Back to Book Reviews

Back to Cercles

 

 

White Queen: May French-Sheldon and the Imperial Origins of American Feminist Identity
Tracey Jean Boisseau
Bloomington: Indiana University Press, 2004.
$21.95, 258 pages, ISBN 0-253-21669-9 (paperback).
$50.00, 258 pages, ISBN 0-253-34389-5 (hardback).

Elisabeth Lamothe
Université Michel de Montaigne-Bordeaux III

First full-length volume to be authored by Tracey Jean Boisseau, White Queen weaves interdisciplinary and theoretical strands in a very enlightening manner. Extensive work on French-Sheldon (several articles and a new edition of the latter’s travel narrative) endows Boisseau with the authority to develop a convincing argument based on an cross-disciplinary approach including African, Belgian and American history, women’s studies, colonial history, and cultural as well as film studies, her main theoretical ambition being to challenge received ideas about French-Sheldon’s involvement in colonial ventures and relationship with first-wave feminism. Refraining from passing hasty judgment on her subject, Boisseau examines the latter’s clever manipulation of the emerging mass media to earn fame as a feminist foremother when her exploratory ventures failed to secure her long-lasting acclaim and recognition.

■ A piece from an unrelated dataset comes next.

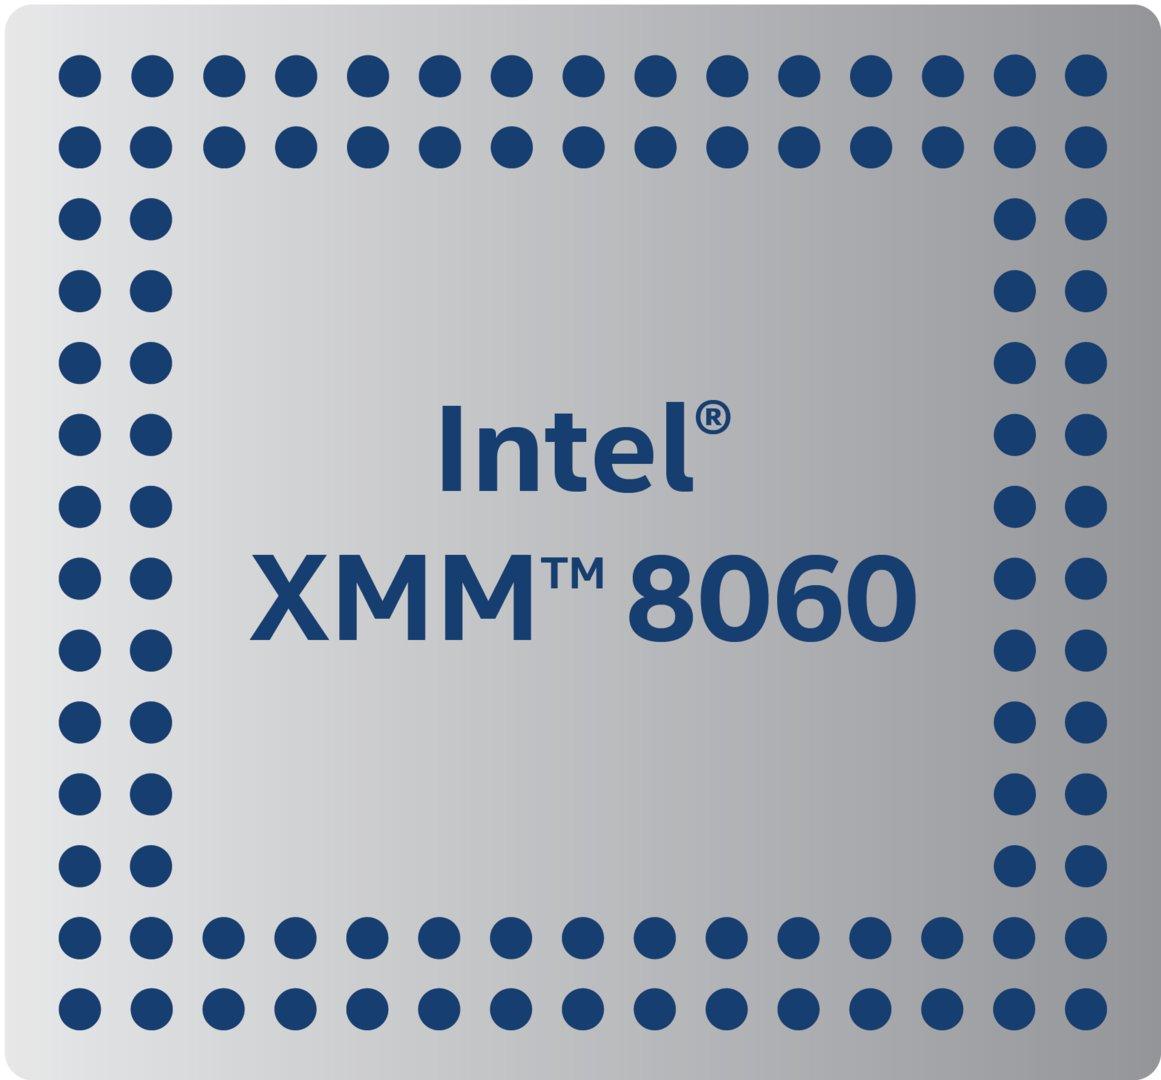 Intel XMM 8060

The author is especially intent on deconstructing American feminism as a discourse that produces subjectified and subjected positions: dissenting from the idea that French-Sheldon was a pioneer in the women’s liberation movement, as previous scholars would have her be, Boisseau argues that such biased view misses the crucial fact that French-Sheldon used the movement to suit her personal agenda and for purposes of self-aggrandizement. She construes French-Sheldon’s rhetoric and career as a colonial imposition and shows that the American feminist subject has been constructed through drastic exclusions, taking pains to demonstrate how the excluded “return to haunt the union and integrity of the feminist ‘we’” [209]. Boisseau’s careful documentation of French-Sheldon’s travels and writings succeeds in disrupting a popular history of feminism that denies its relation to colonial history by erasing its complicity with imperial ideologies.

In 1891, May French-Sheldon’s trek from East Africa to Mount Kilimanjaro earned her the somewhat overblown title of “first woman explorer of Africa.” Then began the public career of a woman who bewitched the imagination of a generation of late Victorians and managed to cast an even more powerful spell over the minds of New Women, demonstrating her talent for giving inspiring performances of her self. Determined to do away with French-Sheldon’s self-branding as “pioneer for feminism,” Tracey Boisseau shows “how certain patterns in American mass culture have positioned feminism as a set of discourses that constitute an imperial threat to colonized or post-colonized people” [18].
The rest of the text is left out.